Thanks for going to the trouble of digging that out. I intended to investigate only to satisfy my curiosity, not that I didn't believe your original statement.
Comment 6 Simon Pieters 2013-05-13 15:29:24 UTC
(In reply to comment #0)
> At the start of clause “2 Syntax”, the statement “HTML defines an HTML
> syntax that is compatible with HTML4 and XHTML1 documents published on the
> Web” should be less absolute, e.g. the word “mostly” could be added before
> “compatible”. In subclause 2.4, e.g. “Attributes have to be separated by at
> least one whitespace character” means that some valid and existing HTML 4.01
> documents are not valid HTML5.

https://github.com/whatwg/html-differences/commit/bdff30f0952172f091c0a8ff0b6c1c0aee41ece6

> The following information should be added to subclause 2.4:
> 
> The id attribute syntax now allows any nonempty string that does not contain
> space characters. This is much more liberal than the HTML 4 syntax, but on
> the other hand it disallows spaces at the start and at the end (id=" foo "
> is valid HTML 4 but not valid HTML5).

This is mentioned elsewhere:

"The id global attribute is now allowed to have any value, as long as it is unique, is not the empty string, and does not contain space characters."
http://html-differences.whatwg.org/#changed-attributes
Comment 7 Jukka K. Korpela 2013-05-13 16:18:03 UTC
(In reply to comment #6)

> > The following information should be added to subclause 2.4:
> > 
> > The id attribute syntax now allows any nonempty string that does not contain
> > space characters.
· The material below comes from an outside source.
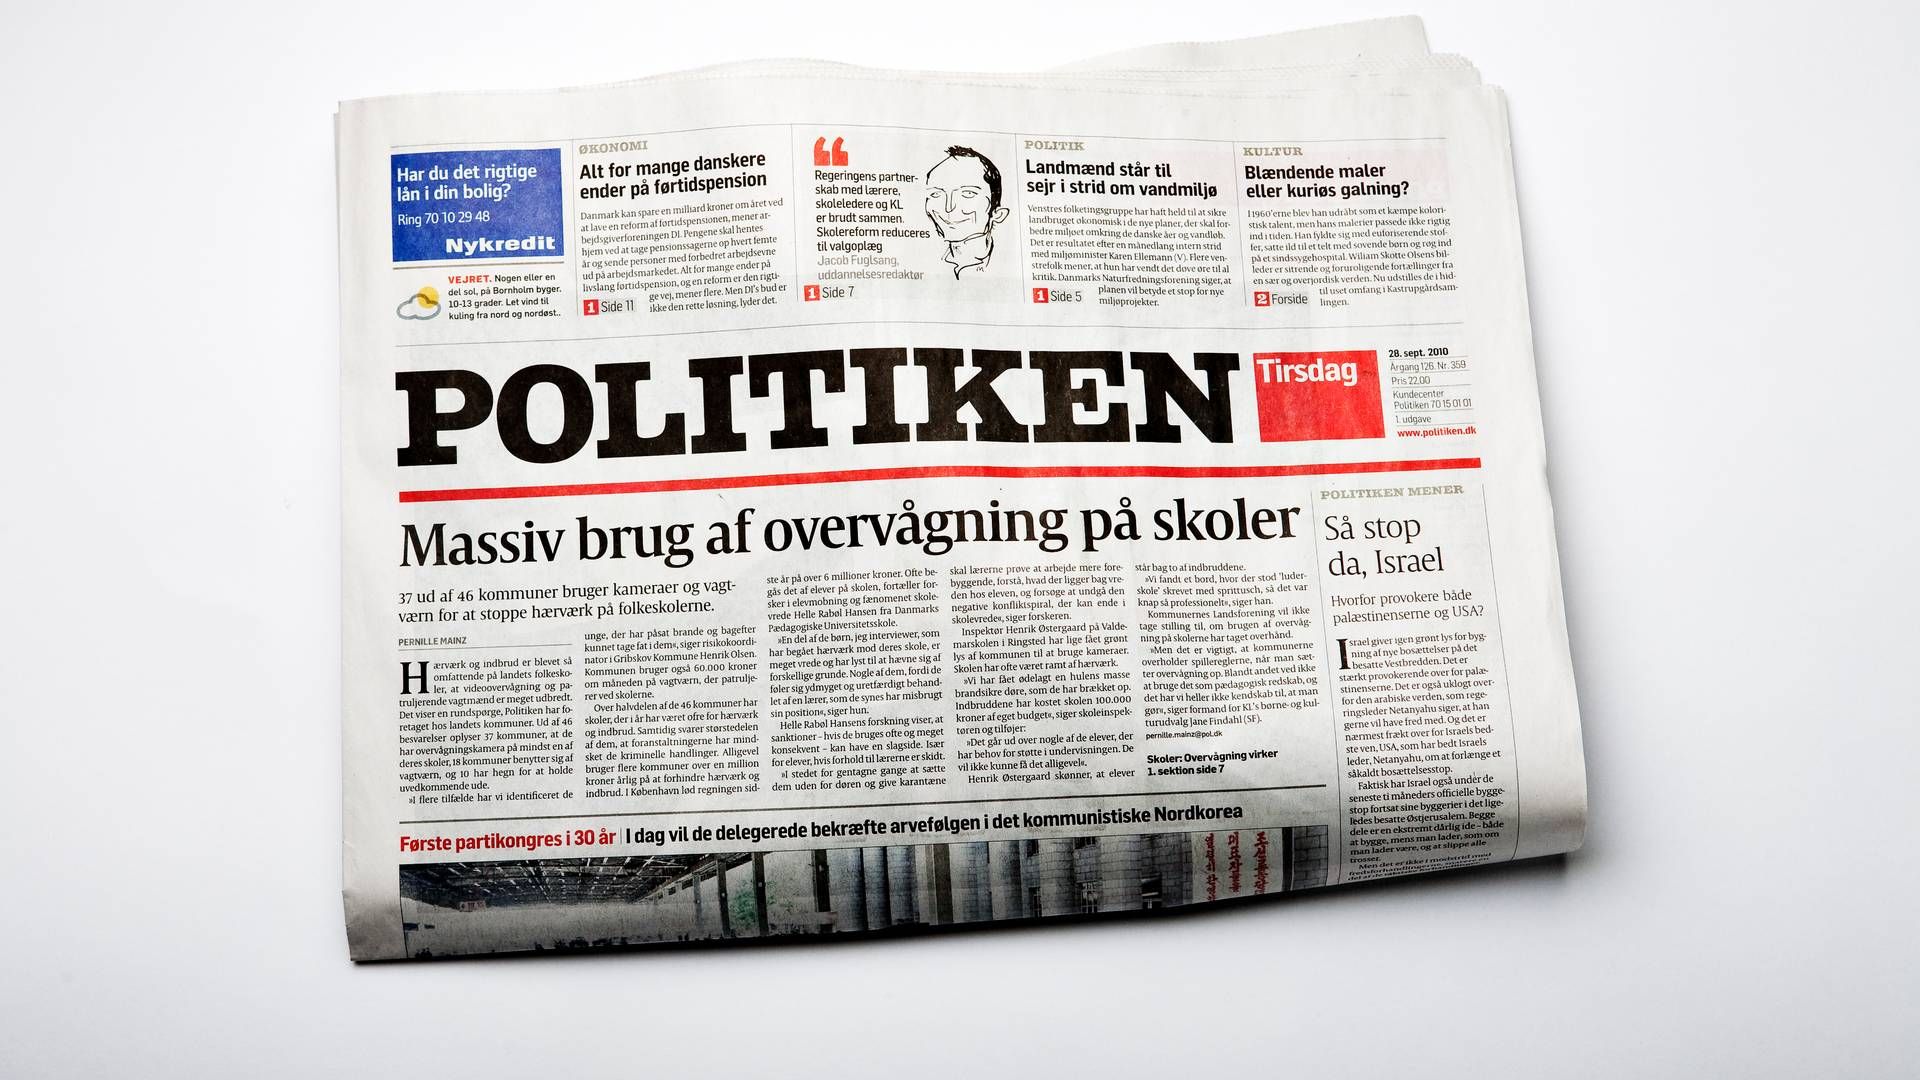 Hvorvidt det også indføres andre prisændringer på andre abonnementer på Politiken, fremgår ikke. | Foto: Rune Pedersen/Jyllands-Posten/Ritzau Scanpix

This is much more liberal than the HTML 4 syntax, but on
> > the other hand it disallows spaces at the start and at the end (id=" foo "
> > is valid HTML 4 but not valid HTML5).
> 
> This is mentioned elsewhere:
> 
> "The id global attribute is now allowed to have any value, as long as it is
> unique, is not the empty string, and does not contain space characters."
> http://html-differences.whatwg.org/#changed-attributes

The current formulation makes the change sound like a pure extension, when it in fact invalidates some HTML 4 constructs.

But maybe it would be best to add the following general point to 2.4:

• Leading and trailing white space in attribute values is not ignored. This makes some valid HTML4 constructs like id=" ab " invalid.
Comment 8 Simon Pieters 2013-05-13 20:40:42 UTC
Good point, I forgot about normalization.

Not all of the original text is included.